Bernard Swann's garage was a raging inferno, its roof had collapsed and his Porsche and Honda cars were already doomed by the time a crew of firefighters arrived at his waterfront home in the sleepy village of Bundeena.

The captain of the local unit from Fire and Rescue NSW called for back-up soon after his crew of four arrived on Friday, within seven minutes of Mr Swann's call to 000 at 3.15pm.

"Regrettably that assistance was not called from Bundeena Rural Fire Station," complained the town's volunteer Rural Fire Service on its Facebook page. Instead, Fire and Rescue – the state's brigade of professional firefighters – dispatched back-up from Sutherland, which "under lights and siren would at best take 30 minutes to be on the scene!"

The Facebook entry, laden with angry exclamation marks, was soon taken down, but it said: "Members of RFS Bundeena are at a loss to understand how they could be ignored as a second response agency when a structure fire with potential to endanger other property and lives remained out of control!"

It assured residents that "a full investigation is under way but in the meanwhile Bundeena RFS members are questioning their role as a fire-fighting agency in Bundeena!"

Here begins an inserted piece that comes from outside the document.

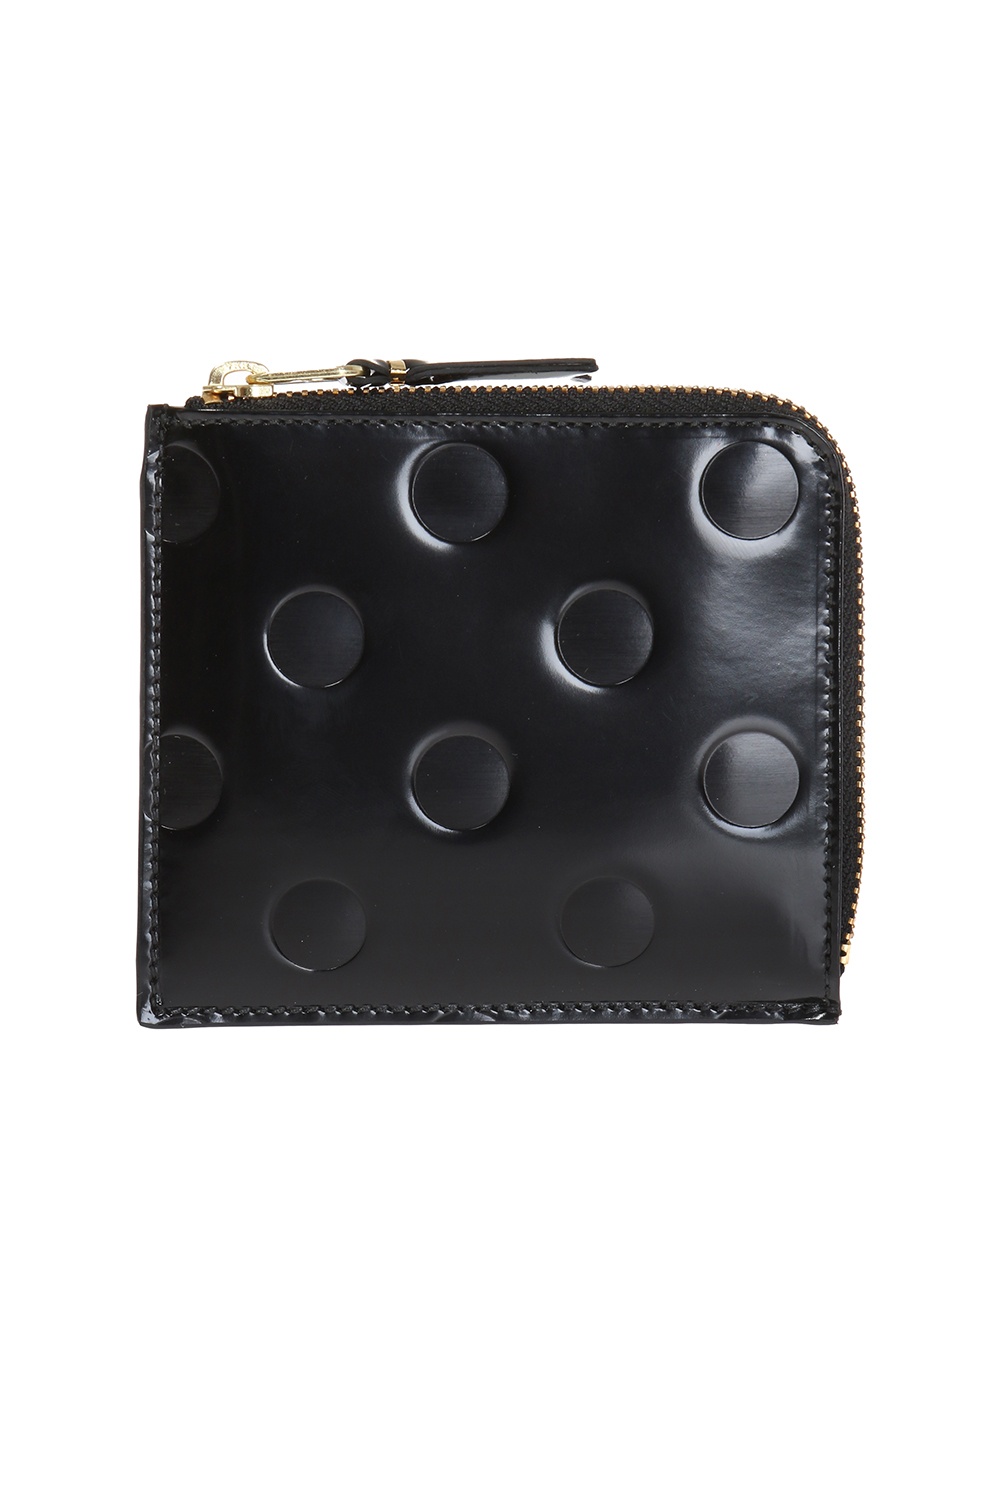 Brown Leather wallet Comme des Garçons - Vitkac Canada

The volunteers were promptly supported with a Facebook entry, also quickly removed, on the local Fire and Rescue page.

"The crew are disappointed," it said, that the nearest back-up, the local RFS, was not sent to help, "as both captains have been working closely to overcome any communication issues as both the crews are happy to and want to work together".

Bundeena, after all, is a town of fewer than 2000 people and it is surrounded by the fire-prone Royal National Park. The local RFS and Fire and Rescue are next-door neighbours. Both have built new stations.

Mr Swann, in any case, was oblivious to the controversy. "I think they did a sterling job," he said on Saturday. The fire crews had responded promptly and acted with cool heads.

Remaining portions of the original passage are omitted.